[[ INFORMATION PROVIDED open ]]

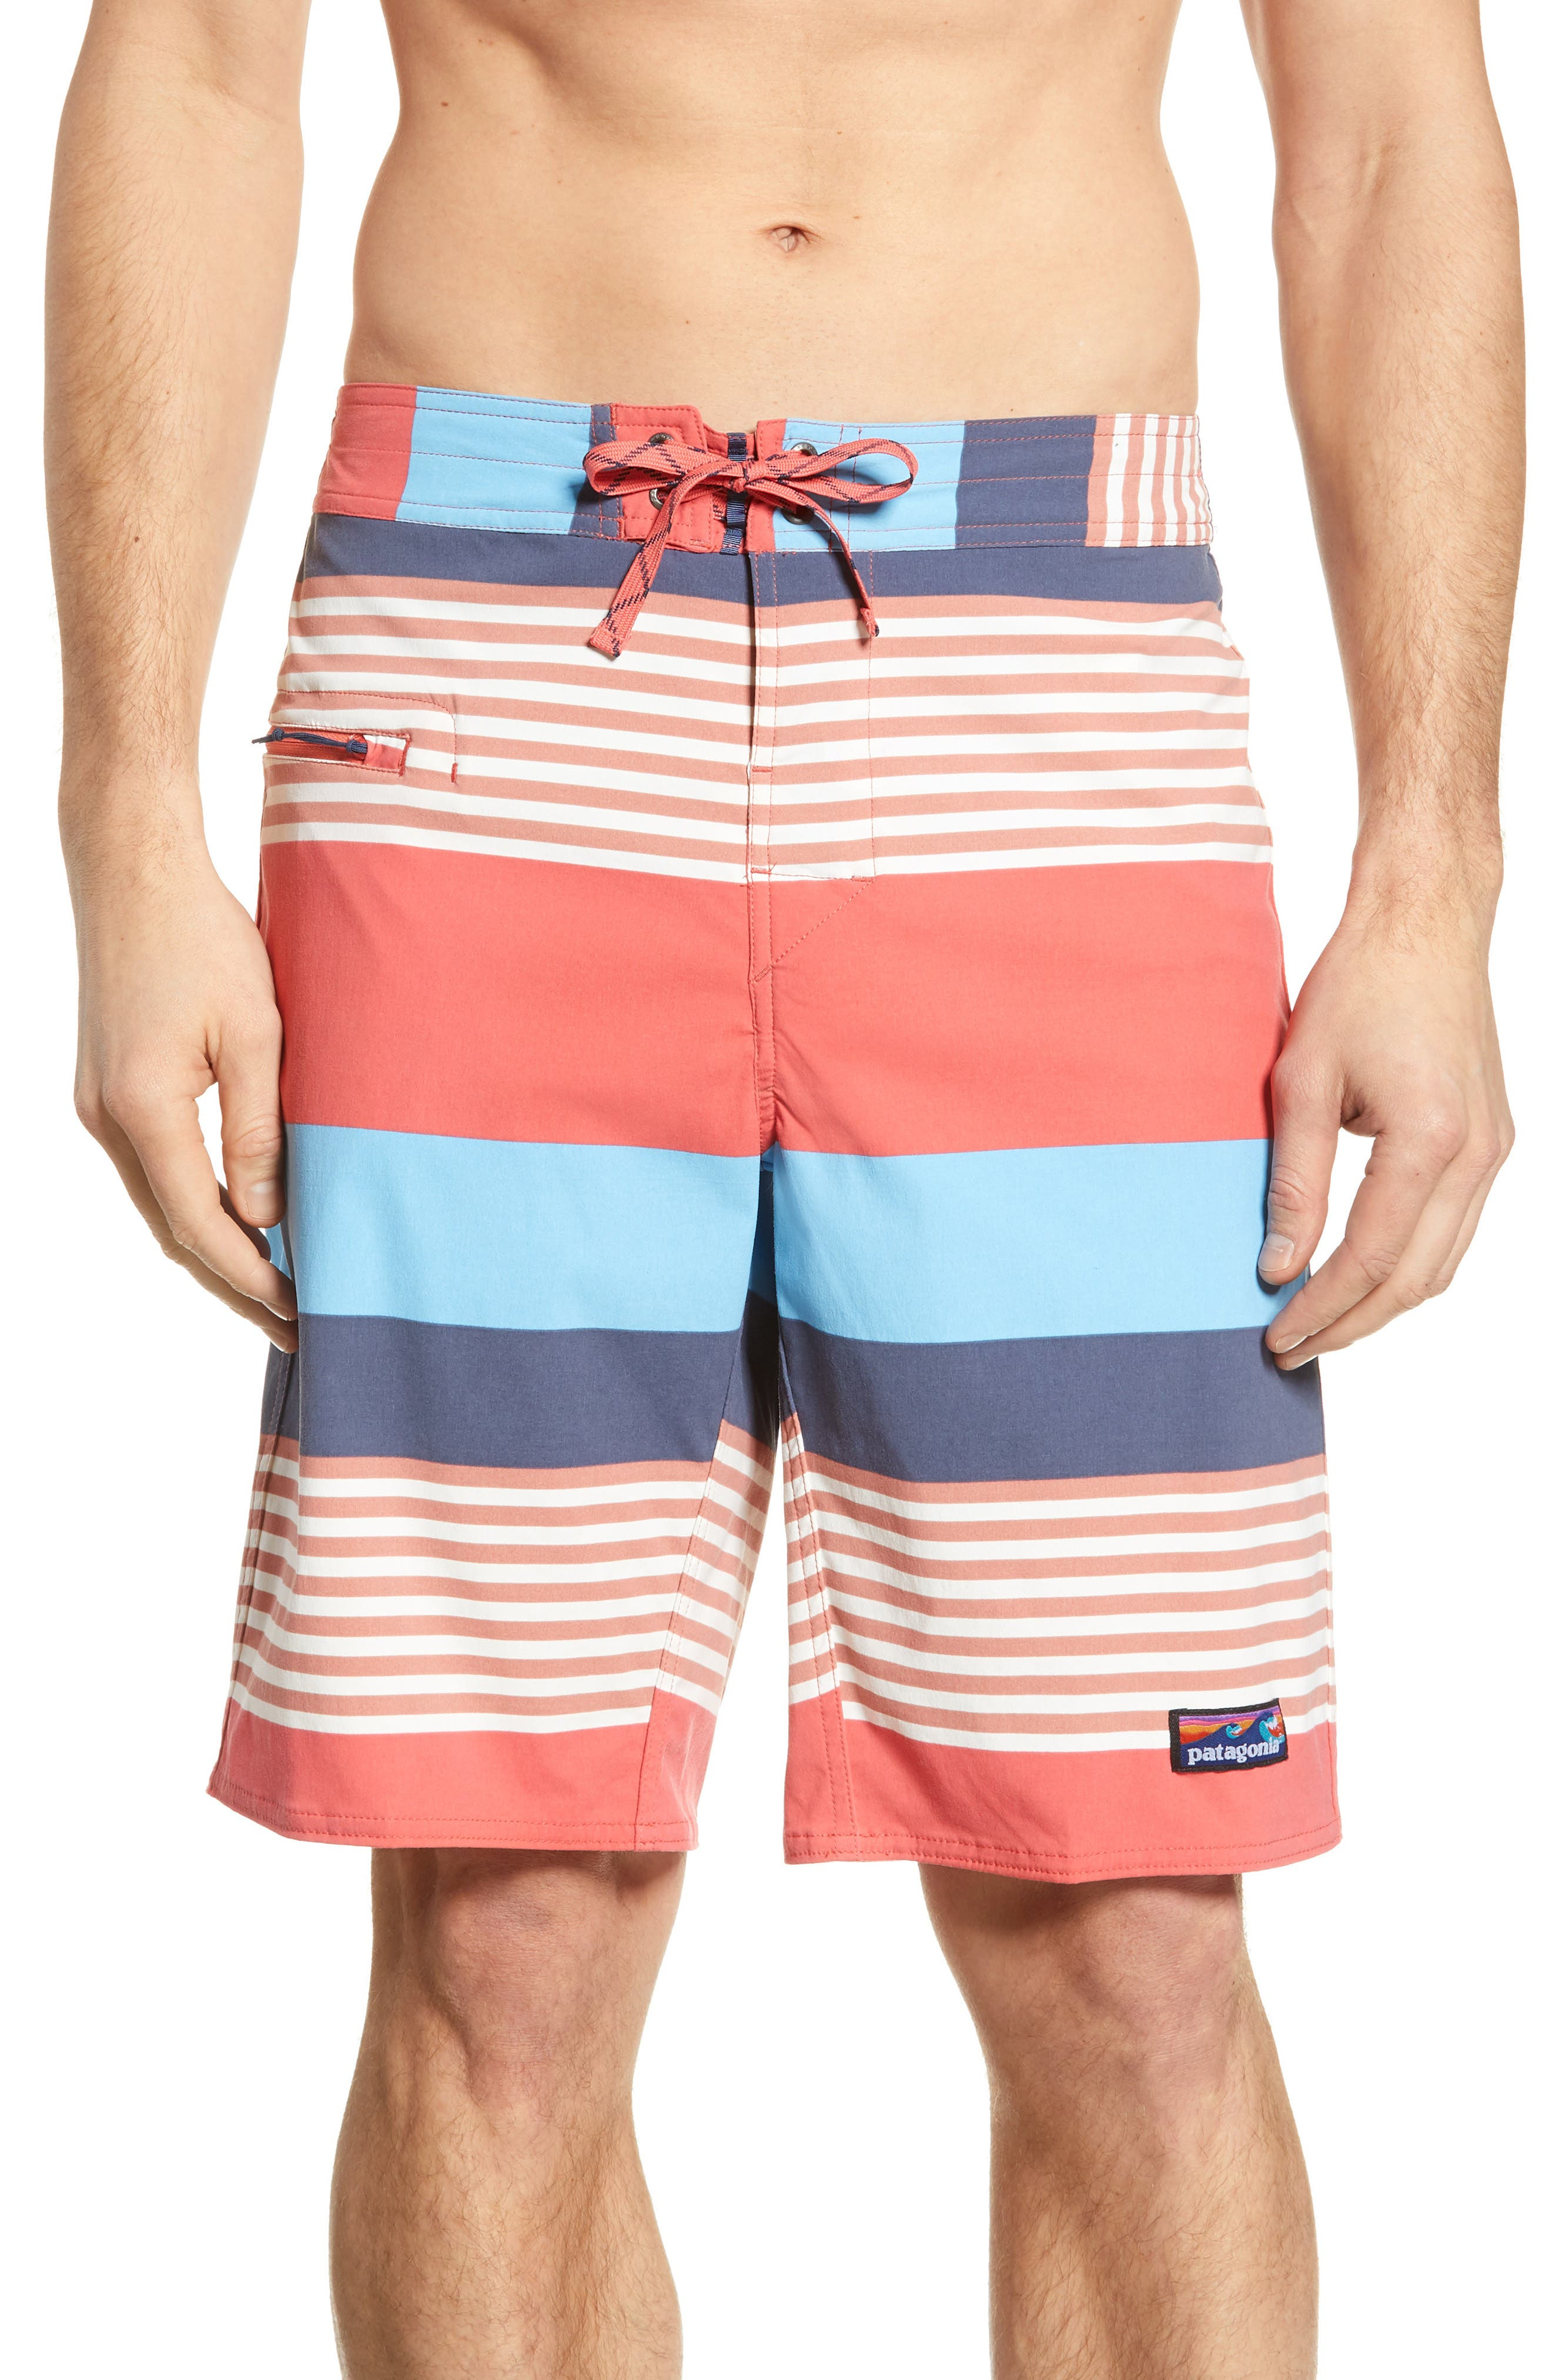 PATAGONIA Wavefarer Board Shorts, Main, color, FITZ STRIPE: SPICED CORAL
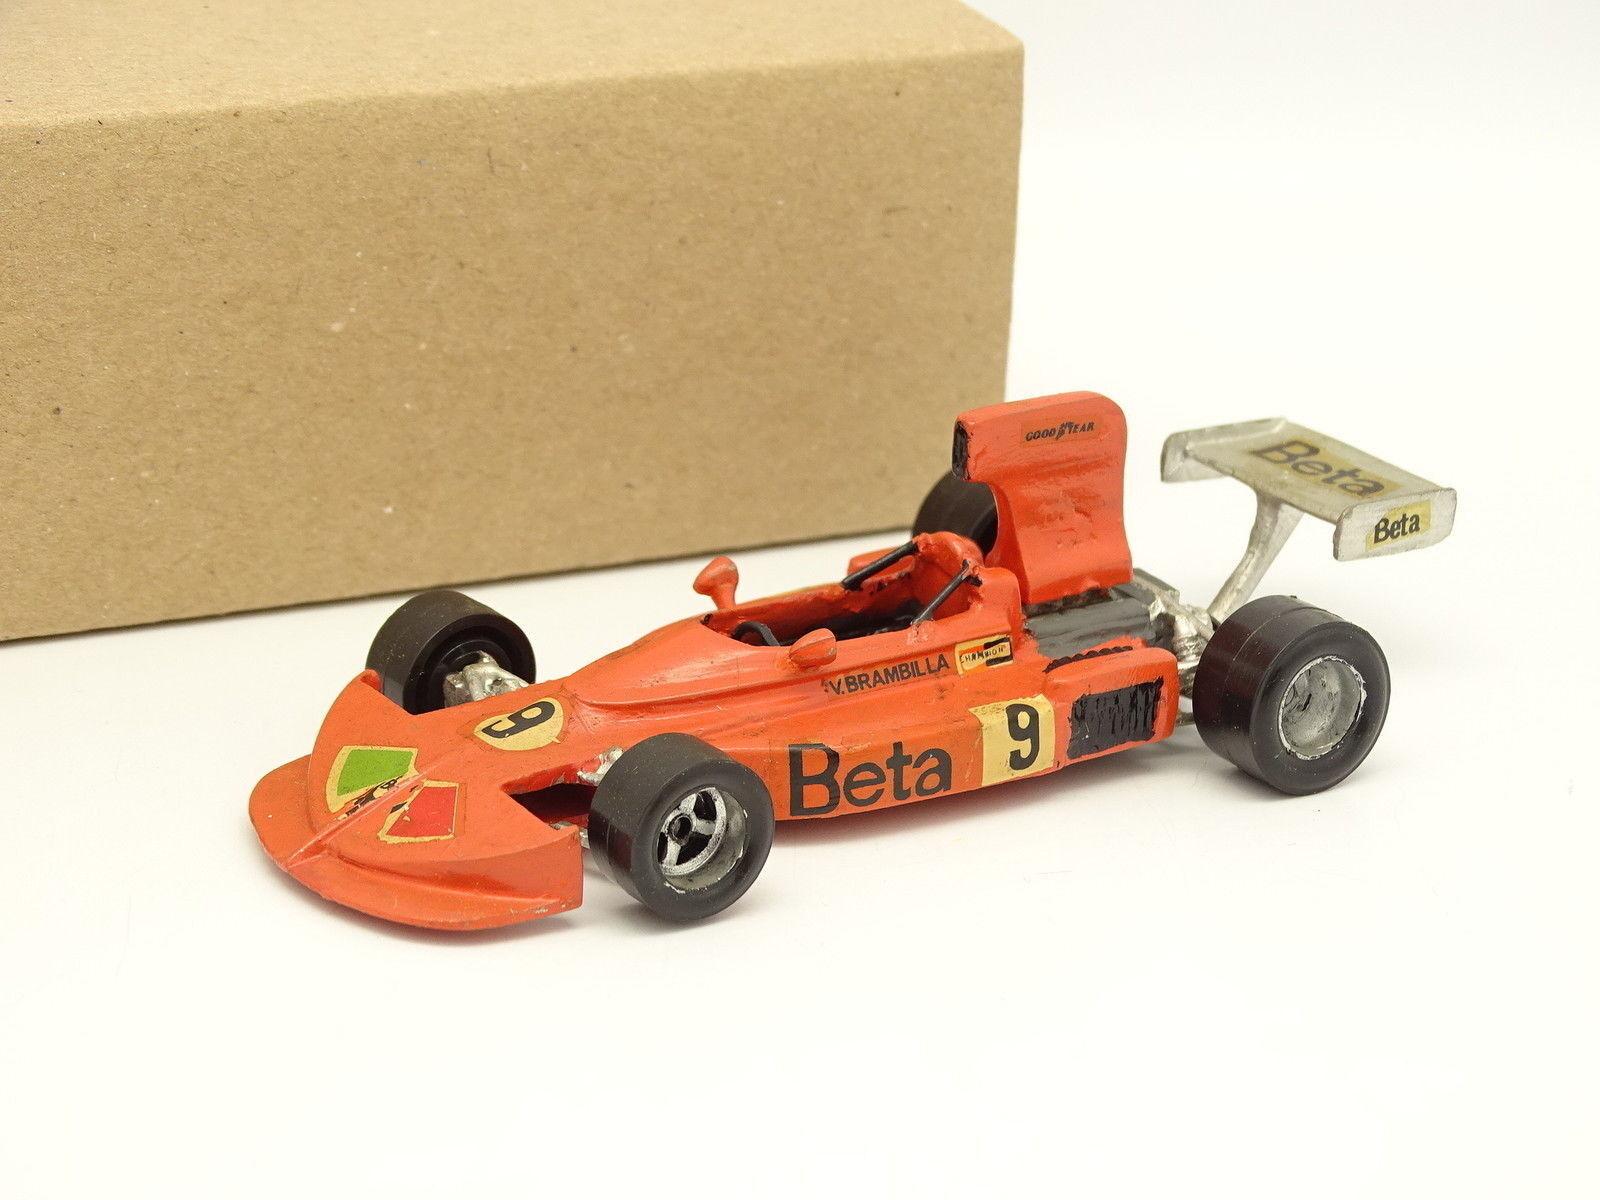 John Day Kit Metal Montado 1 43 F1 MARZO 751 Vittorio Brambilla 1975 Austrian GP
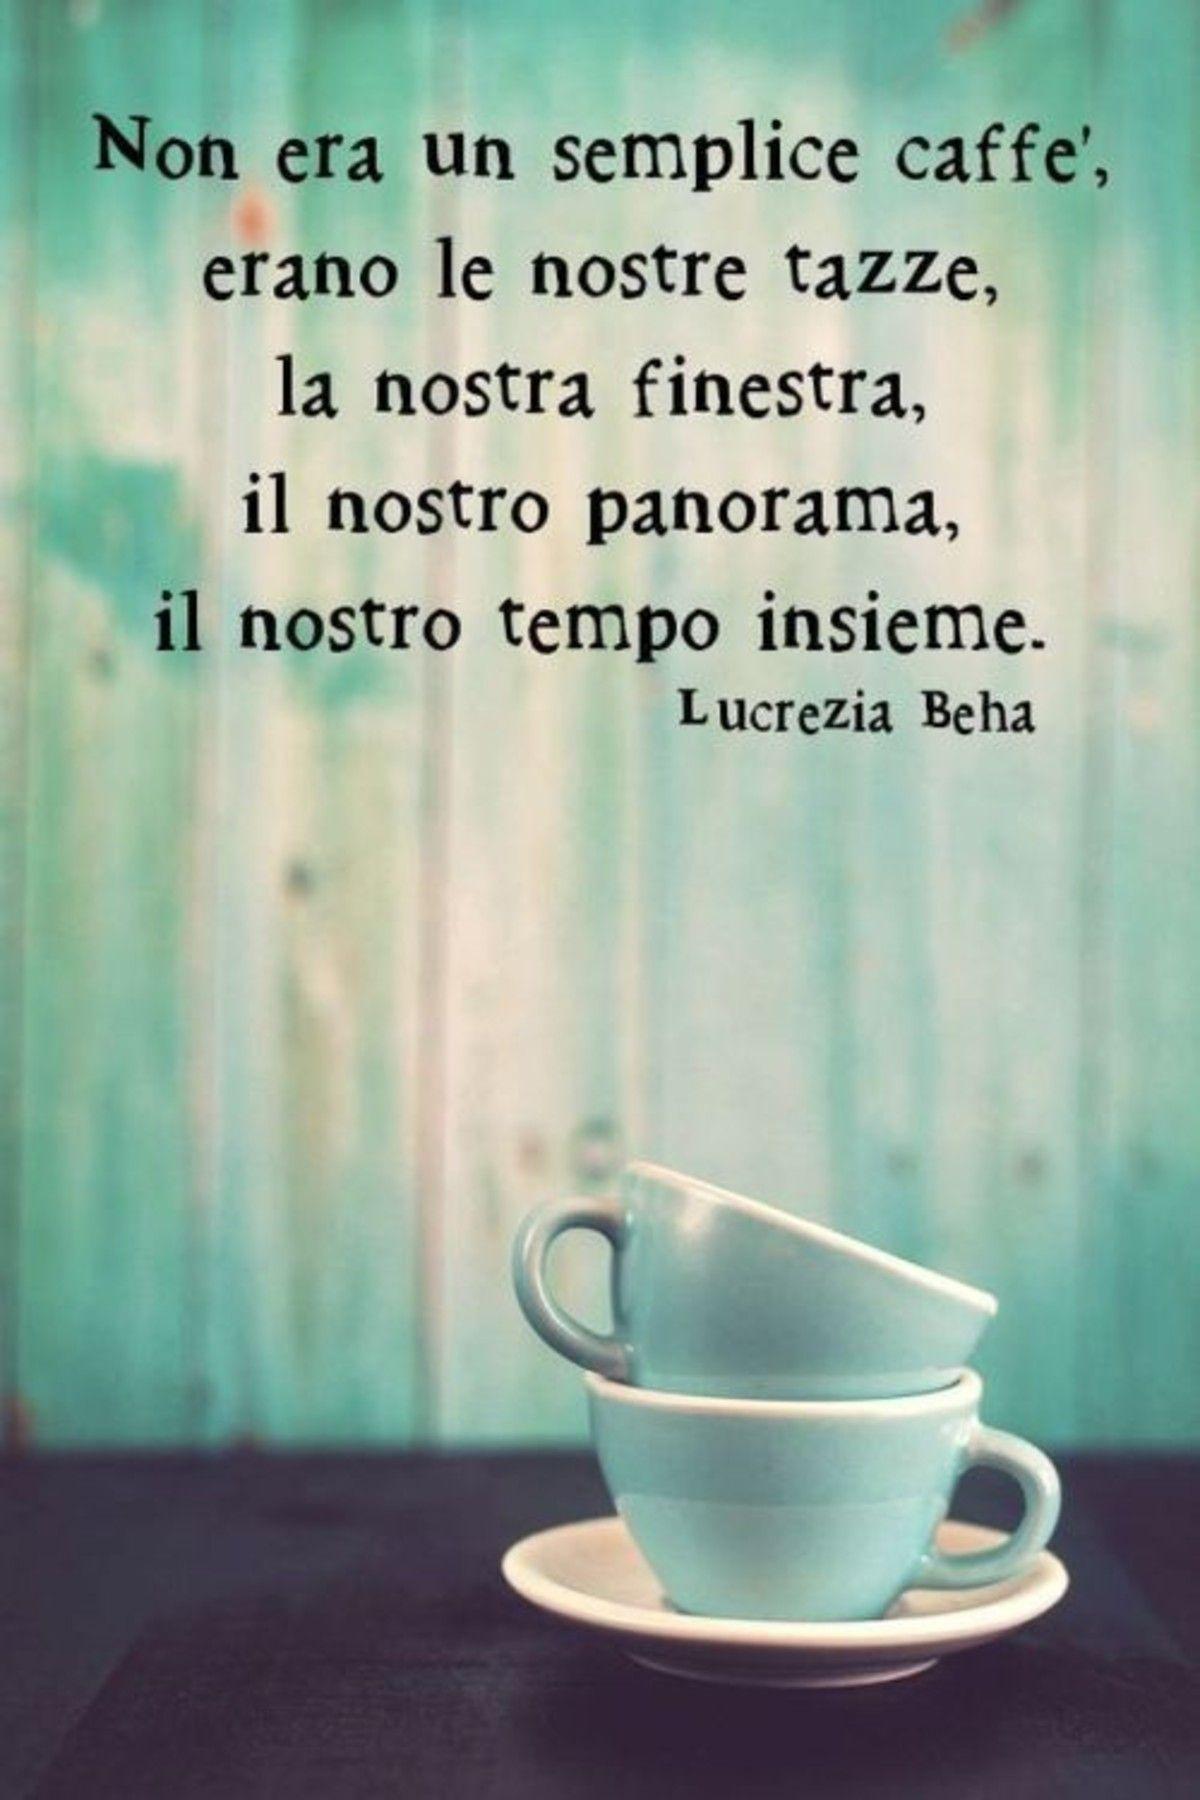 Belle Frasi Da Dedicare Citazioni Frasi Sul Caffe Frasi D Amore

[[ INFORMATION PROVIDED closed ]]

## EXERCISE PROMPT:
Starting at the line that contains "John Day Kit", write out exactly each line through the last one in the listing above, leaving out the pictures and adding nothing else.

## ANSWER SPACE:
 John Day Kit Metal Montado 1 43 F1 MARZO 751 Vittorio Brambilla 1975 Austrian GP
 Belle Frasi Da Dedicare Citazioni Frasi Sul Caffe Frasi D Amore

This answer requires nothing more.